Do you find you have commercial, operational and technical debt left in your wake?
In this article, we’re going to look at one of those key things that people don’t realise. And that is what happens when you’re juggling your time.
Now, juggling your time is one of those excellent business skills to have because let’s face it, we don’t have all the time in the world. Time is probably the most precious thing we have at our disposal. But here’s the thing, you got to be careful about how you juggle your time. Otherwise, what you might be finding is wrongly juggling. That snippet of time here and a snippet of time there inevitably leaves crucial elements on the table that you need to be dealing with now. And this is where you can find an organisation that has high commercial, operational or technical debt.
Now what we mean by these levels of debt? Well, commercial liability is simple, and most people know about this already. It is where you’re leaving money on the table, to fund business expenses, asset acquisition and improvements. It is common for businesses to accumulate commercial debt when first starting out. Now, when you have this commercial debt, there are many people around to help you deal with managing that. And there’s probably also a good focus on its reporting on this debt. Because usually, this sort of financial reporting is one of the critical things you should already have in your organisation.
What about the other two? What about operational debt or technical debt, are these things that you’re currently tracking inside your organisation? When it comes down to operational debt or technical debt? These are the things that you didn’t quite get to finish the things that don’t quite work well. The workarounds you put in place, it’s like the Beer matt under the wonky table effectively, because you’ve got your organisation running, you’ve gone through some change to make it even better, but you still haven’t got it right. There are still things that that is causing you problems and causing your organisation pain, and this is the technical and operation debts.
Now, with some business owners and entrepreneurs I work with, they have this way of being able to look at their business. And they will, they will go from one great idea to the other great idea. From one shiny object to another shiny object, and behind them, they are leaving this trail of devastation in their business. Then wake up one day to find out that is costing them lots of money, because they haven’t fixed these problems. And when they try to fix these problems after the event to inevitably requires even more money and time.
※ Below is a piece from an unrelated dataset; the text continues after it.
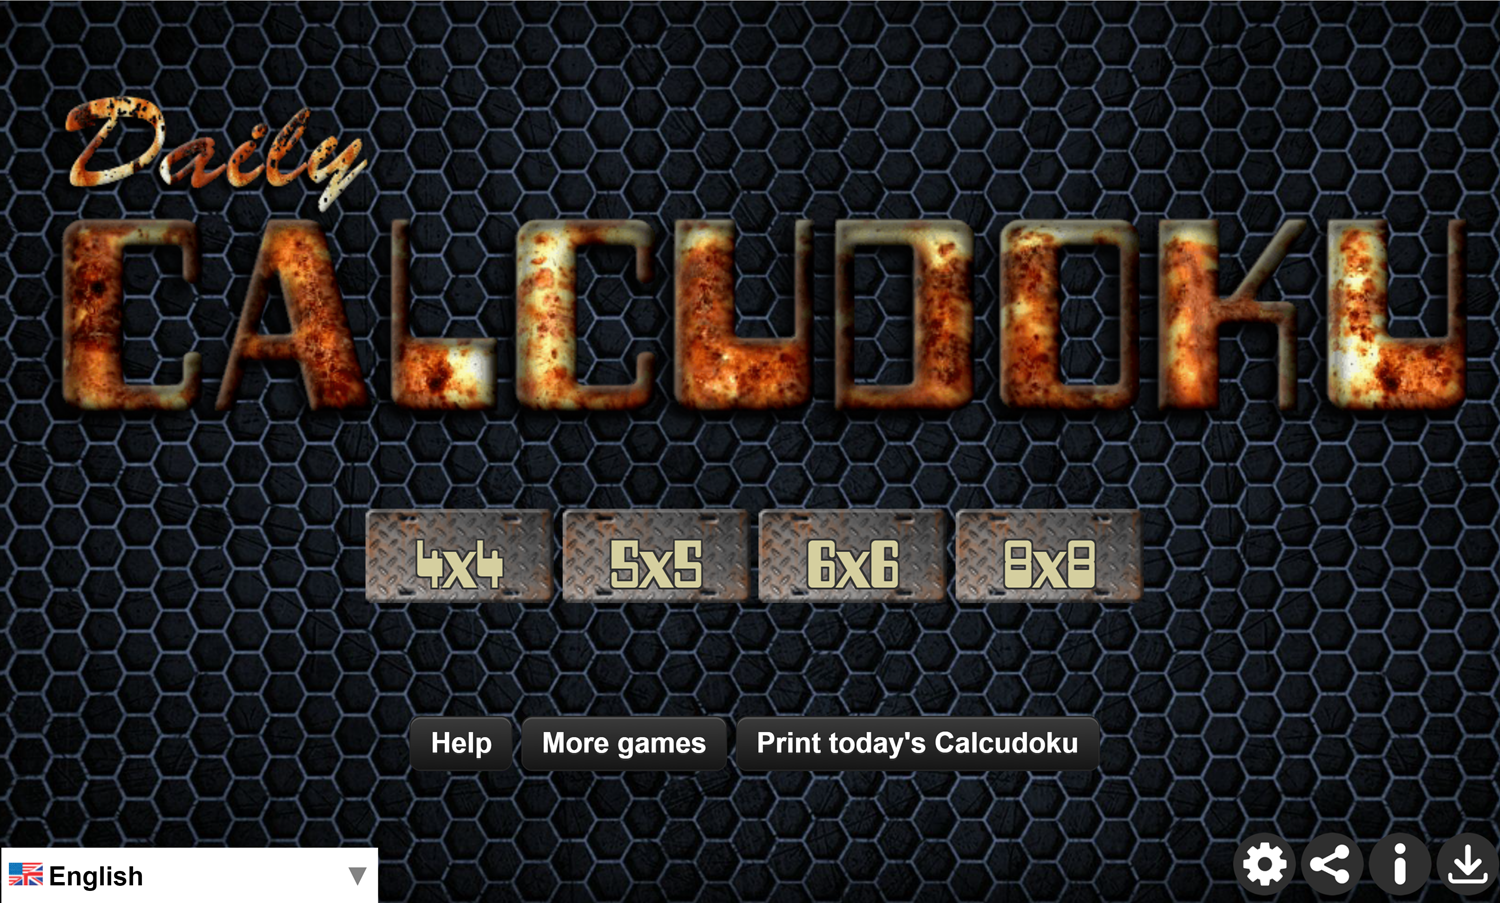 Daily Calcudoku Game Welcome Screen Screenshot.

“So what!” you might be thinking. Well, one of the critical things is actually to make decisions about what debt you are carrying. What debt you are not caring, and also to make sure that you have this all logged down somewhere so you can go back and review regularly. And then when you’ve got the opportunity to clear out some of that debt, do so. So that you’re no longer paying the interest and overcharges. Because, this type of debt will cripple your organisation by reducing your velocity, reducing your flexibility and ultimately cost you a lot more money. And, I’m sure that’s something you don’t want for your organisation.
Therefore, you’re going to make sure you’re clear out your commercial, operational and technical debt. Are you going to be tracking these things going forward? Are you going to log and report on these types of debts so at least you know what debt you’re carrying? Are you just going to continue to ignore it and only worry about it when you get out final demand letter?